The photographer and documentarian Camilo José Vergara uses photographs as “a means of discovery, as a tool with which to clarify visions and construct knowledge about a particular city or place.” Pictures, for Vergara, are the starting point in asking questions or linking to other images or investigating new territories and ideas.

Born in Santiago, Chile in 1944, Vergara started his career as a photographer after he arrived in New York City during the 1960s. He graduated with a B.A. in sociology from the University of Notre Dame, and went on to study an M.A. in sociology at Columbia University. It was while at Columbia that Vergara saw the potential in using photography to document the changes in the city’s urban environment and its influence on social behavior. This eventually led to Vergara’s work in rephotography—literally then and now photography—where he documents one location over a number of years or decades.

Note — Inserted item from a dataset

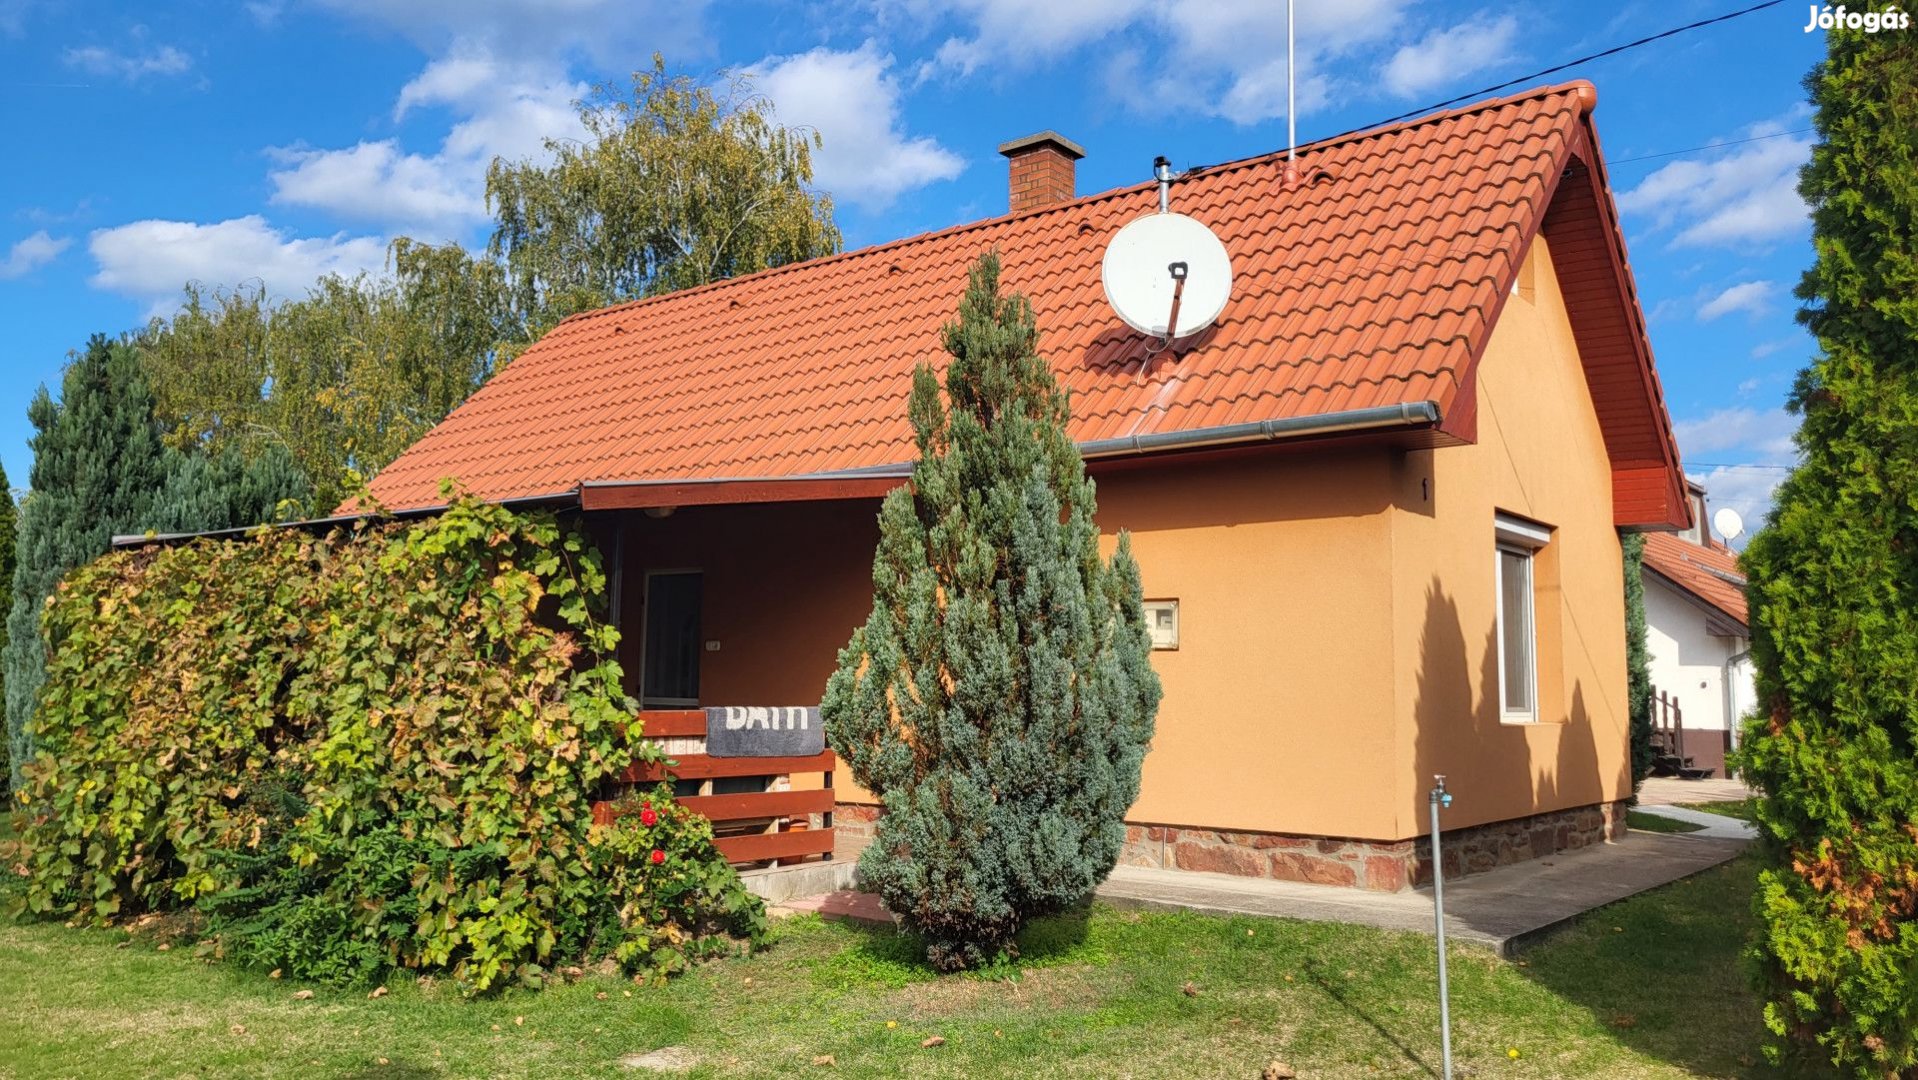 Balaton közeli kis településen családi ház eladó!

In 1970, Vergara began documenting New York street life capturing the children, families and communities living among the city’s urban decay. Vergara’s photographs showed parts of New York that looked like bombed-out war zones, deprived areas suffering the worst of both city and state indifference.

Since this early work in New York, Vergara has documented poor, minority communities in Chicago, Newark, Detroit, Los Angeles and sixteen other cities across the U.S.A. This work has produced an archive of over 14,000 color slides, numerous books, exhibitions and film documentaries. Vergara intends this enormous back catalog to form a basis for The Visual Encyclopedia of the American Ghetto to “visualize how ghettos change over time, understand the nature and meaning of social and economic inequality in urban America.”

For his photographic work, Vergara’s has won a MacArthur “Genius Grant” in 2002, the Berlin Prize in 2010 and the National Humanities Medal in 2013. The following is just a small selection of his photographs taken on the streets of New York during 1970.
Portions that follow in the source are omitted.